*EXERCISE*. The data below should be restated word for word, pictures omitted.

*DATASET SECTION*.
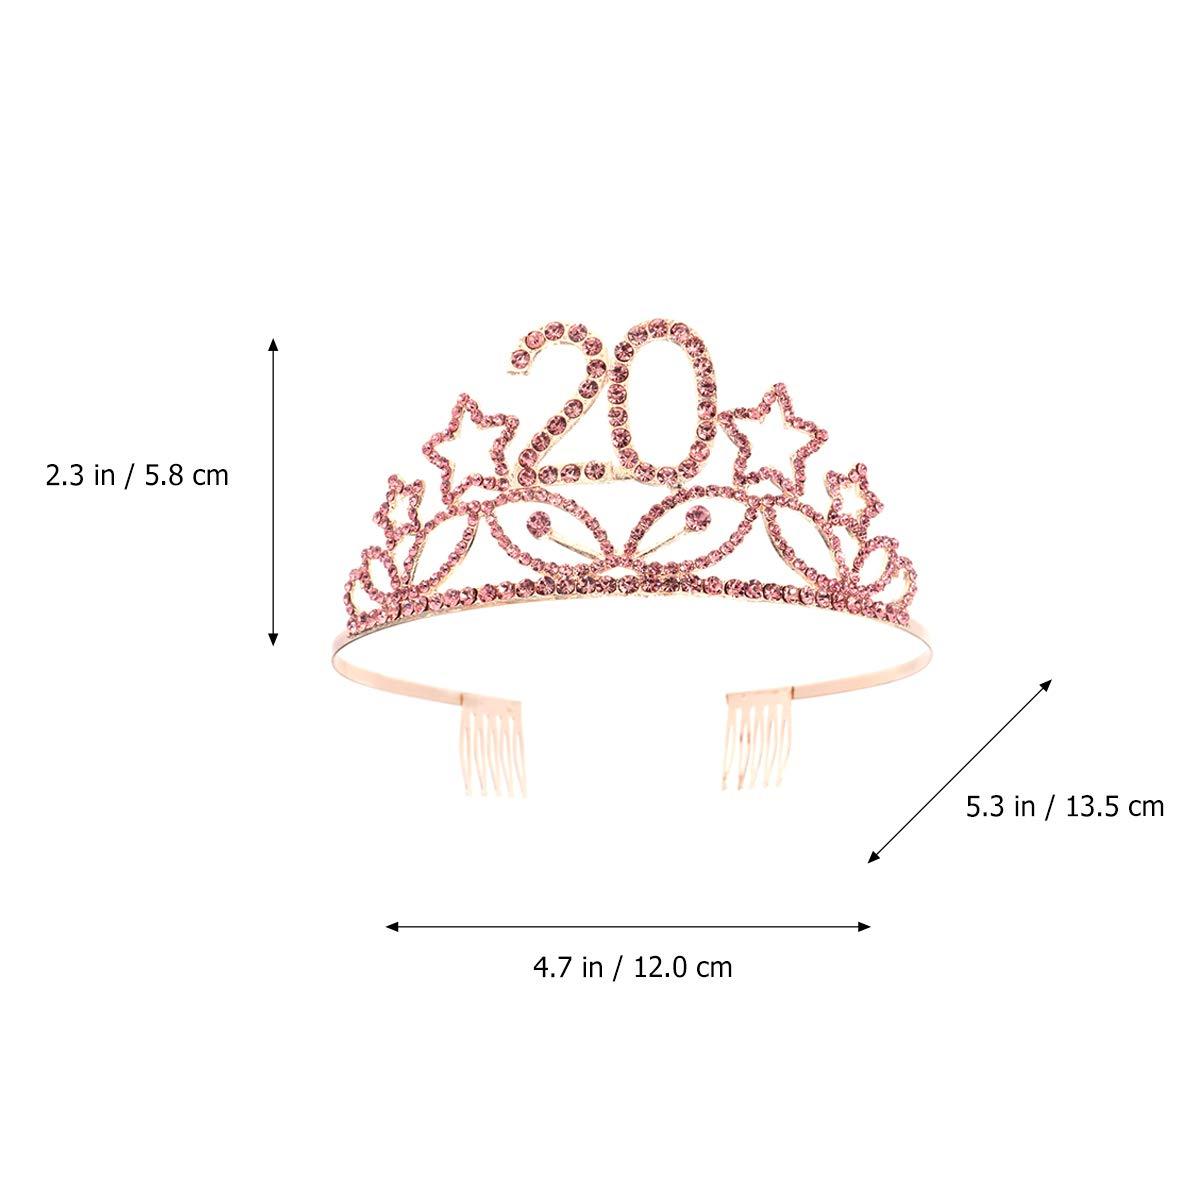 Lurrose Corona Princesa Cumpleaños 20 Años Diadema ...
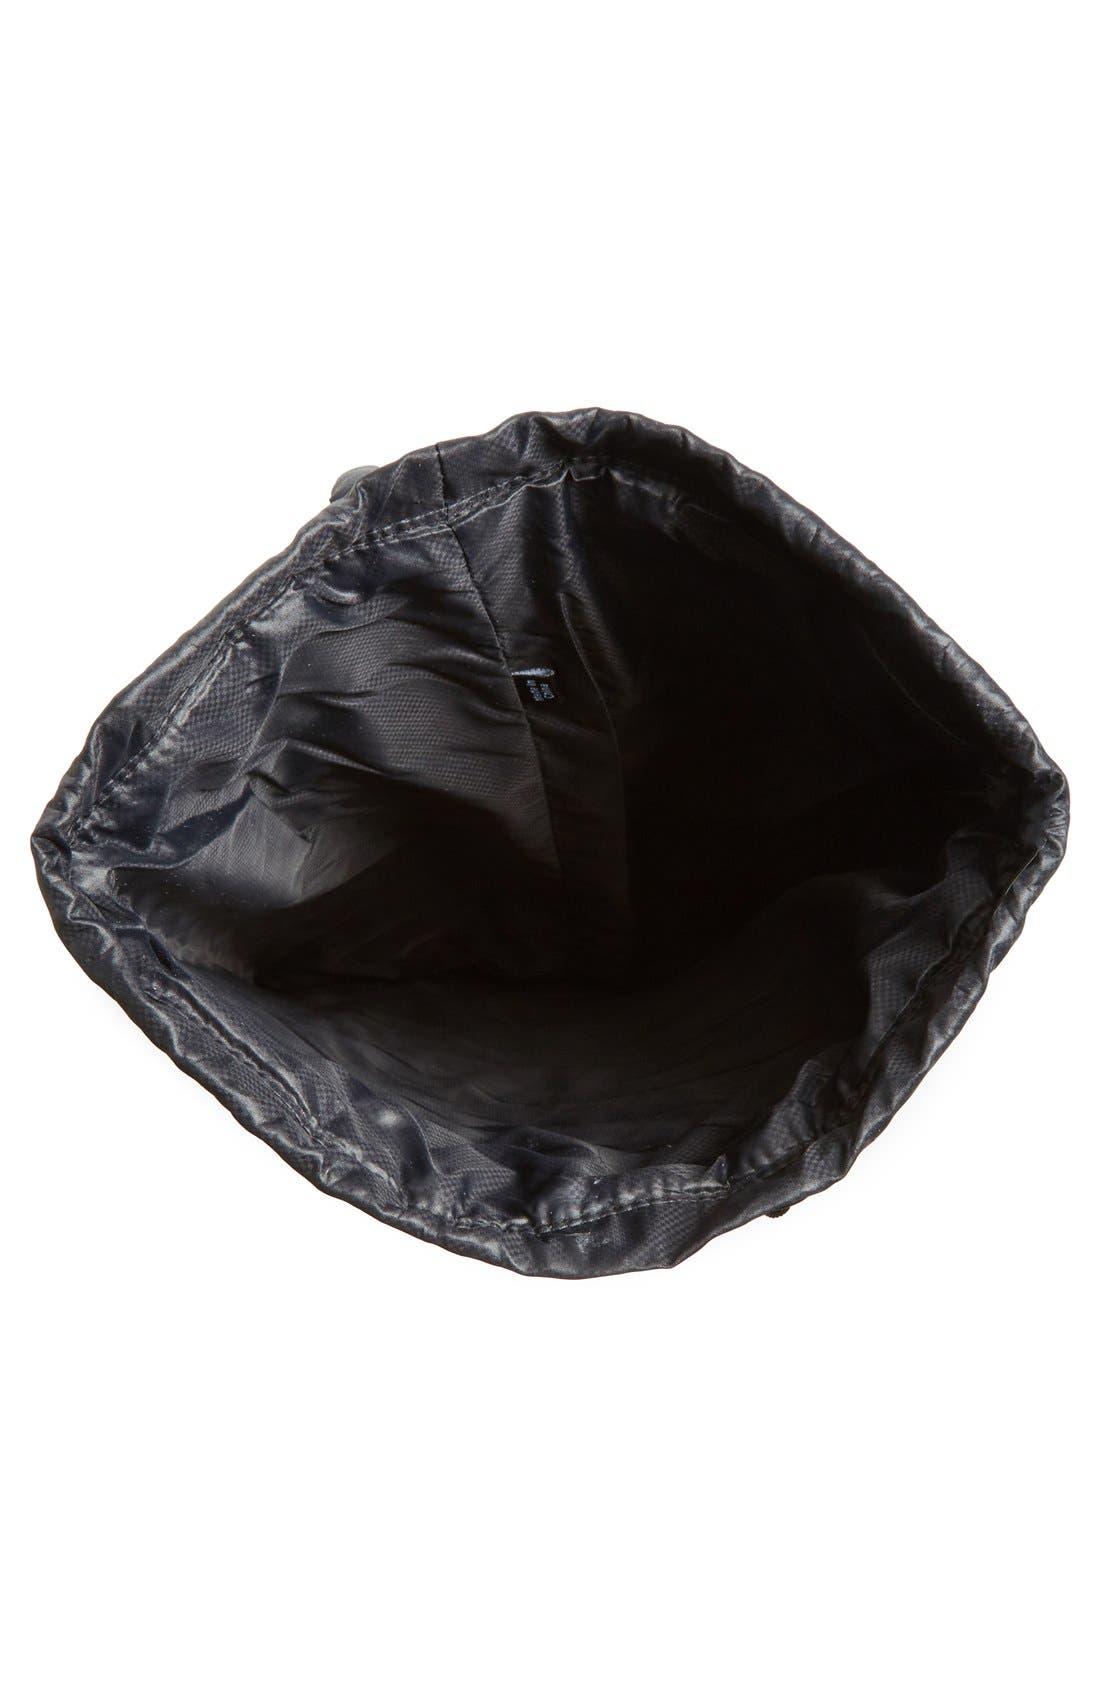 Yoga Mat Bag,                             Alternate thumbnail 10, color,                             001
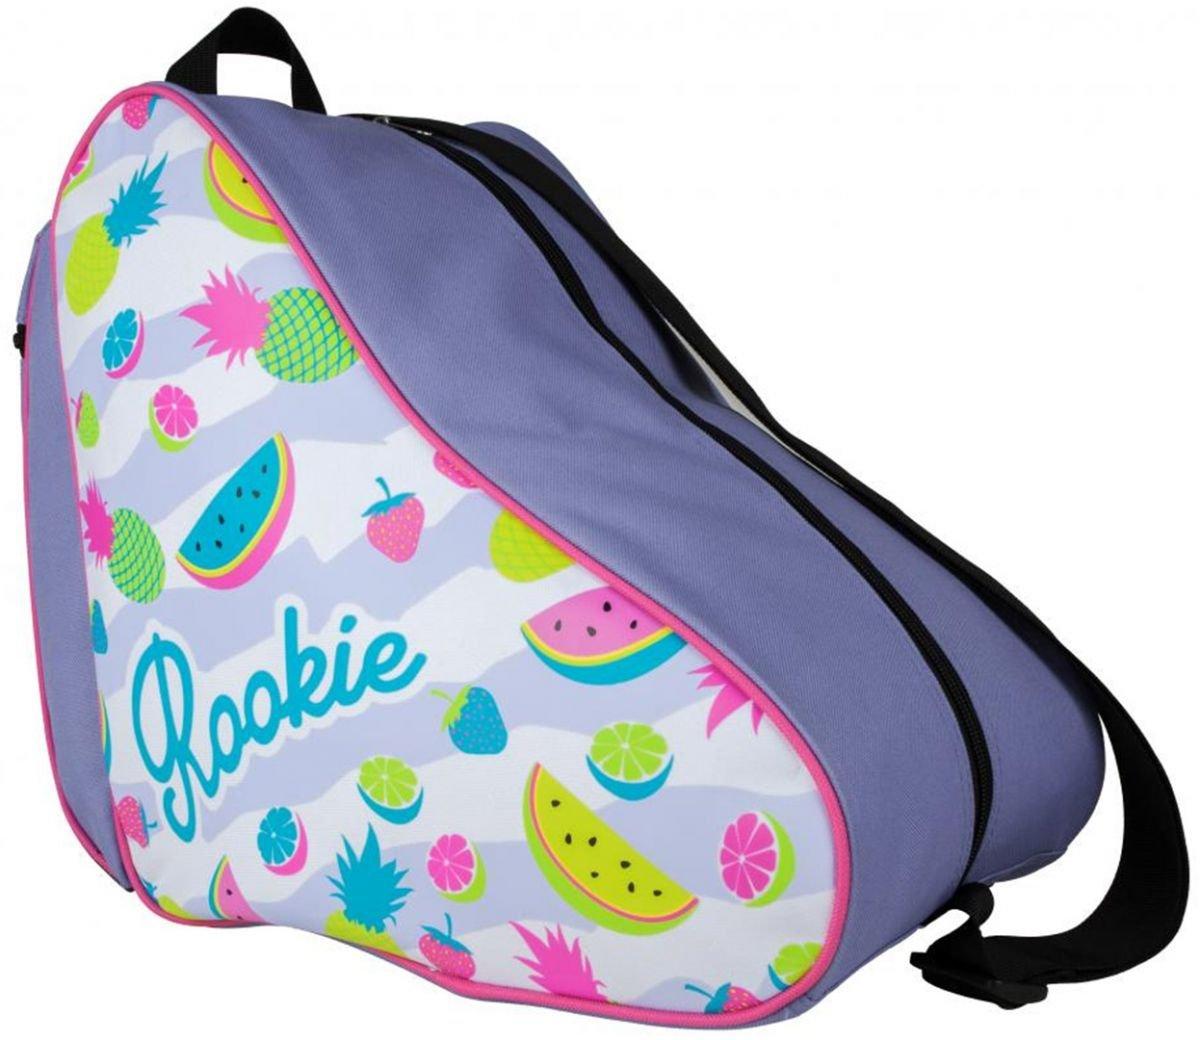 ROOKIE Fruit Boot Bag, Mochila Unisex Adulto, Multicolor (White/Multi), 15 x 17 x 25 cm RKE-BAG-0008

*EXERCISE ANSWER*.
 Lurrose Corona Princesa Cumpleaños 20 Años Diadema ...
 Yoga Mat Bag,                             Alternate thumbnail 10, color,                             001
 ROOKIE Fruit Boot Bag, Mochila Unisex Adulto, Multicolor (White/Multi), 15 x 17 x 25 cm RKE-BAG-0008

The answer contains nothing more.